# S LOOM / KB SUPER AFGHAN LOOM



## ms mollybgoode

Greetings All,
I am sitting here lol at myself. I just started using the KB Super Afghan loom.
I'm trying to find comfortable ways to hold it. At one point I had it tucked under my chin as if I were playing a violin. I put my hand through one of the holes to see if that worked. Honestly it's hysterical.
I'm sure that with time and practice I'll find a comfortable solution. Till then I'll take any advice your care to offer. And please tell me I'm not the only one who has struggled with this.


----------



## crafterwantabe

Lol I do the same thing. I no some people put it on a table too. I have it on my lap while sitting in my recliner. I still move it around for easier accessto my next stitch.... enjoy have fun.  Oh yes sometimes I have it on its side too


----------



## ms mollybgoode

Thanks for the hints. I too like to knit while sitting in my recliner.
Right now I'm using a worsted weight yarn, but would like my next project to be with a bulky/ chunky.
Have you used a bulky yarn with this loom?


----------



## Mary Cardiff

I found the All in one,hard to use .had it on my knee,To save plling ot the dinning room table,Since my Lovebird died.and I got rid off the large bird cage,the table to by the window,Must have a go on the loom again,


----------



## ms mollybgoode

Hi Mary
Thanks for the support. I loom knit because I'm too clumsy to use needles. I was starting to think that was a my problem with this loom too. Its good to know that others have found out awkward as well. Have you ever used a chunky/ bulky yarn with the All in one?
Sorry about your Lovebird. 
Thanks again for responding.


----------



## crafterwantabe

ms mollybgoode said:


> Thanks for the hints. I too like to knit while sitting in my recliner.
> Right now I'm using a worsted weight yarn, but would like my next project to be with a bulky/ chunky.
> Have you used a bulky yarn with this loom?
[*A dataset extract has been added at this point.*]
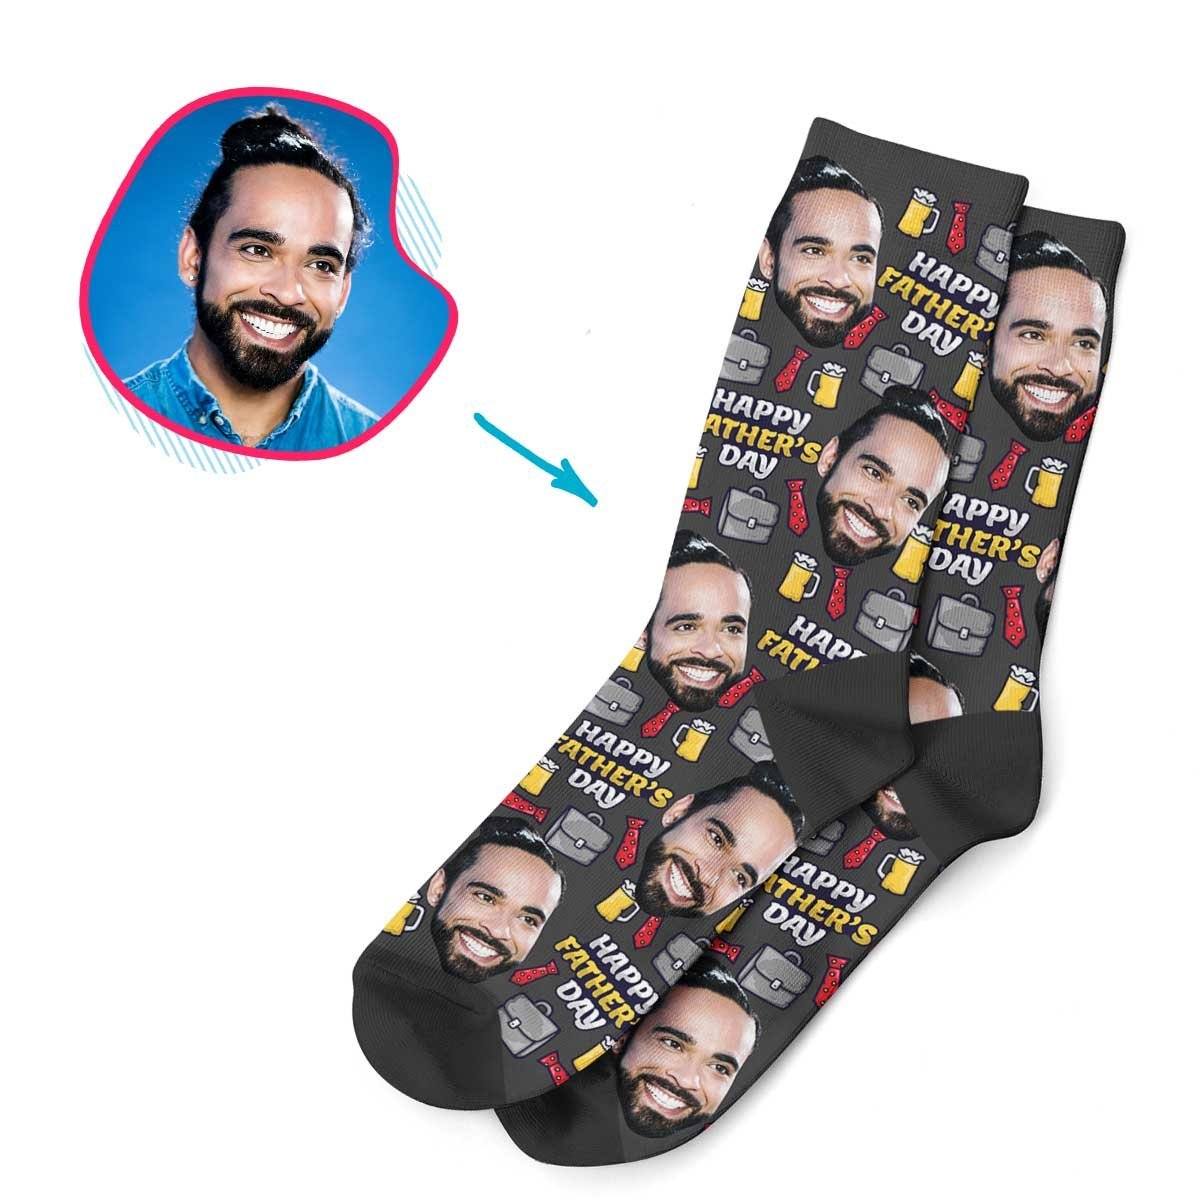 Dark Fathers Day personalized socks with photo of face printed on them

I have a blanket I'm working on that I'm using pipsqueak yarn I believe that's bulky. I have also used two strands of yarn.


----------



## Mary Cardiff

ms mollybgoode said:


> Hi Mary
> Thanks for the support. I loom knit because I'm too clumsy to use needles. I was starting to think that was a my problem with this loom too. Its good to know that others have found out awkward as well. Have you ever used a chunky/ bulky yarn with the All in one?
> Sorry about your Lovebird.
> Thanks again for responding.


Tried sock making with Double knit,didnt like that, quicker to knit,I did make a nice scarf,It would grow quicker with chunky yarn,It must be over 2 years since I put it back in the box,I had it sent from the USA when it got to London had to pay import duty,then London sent it too Newport not Cardiff,had to pay again,ended up costing over £80.I will have to try chunky yarn,


----------



## jbyers

Crafterwantabe

You said you are using 2 strands of the Pipsqueak yarn. Could you tell me which pattern you are doing with it?


----------



## jbyers

Crafterwantabe

You said you are using 2 strands of the Pipsqueak yarn. Could you tell me which pattern you are doing with it?


----------



## randiejg

I find working with any sort of loom becomes uncomfortable quickly, if I'm sitting on the sofa or in a chair, mostly because if I have it on my lap, it's too far down, it's hard to see well, and I end up with sore shoulder and neck muscles from bending my neck. I found a very inexpensive little lap desk (meant for kids crafts), that goes over my legs and fits within my chair, and raises up the work about 10-12". It also has a storage well on each side, where I can put hooks, scissors, pattern, stand up a skein of yarn, etc. I think it was only about $5 at Michael's craft store.


----------



## crafterwantabe

jbyers said:


> Crafterwantabe
> 
> You said you are using 2 strands of the Pipsqueak yarn. Could you tell me which pattern you are doing with it?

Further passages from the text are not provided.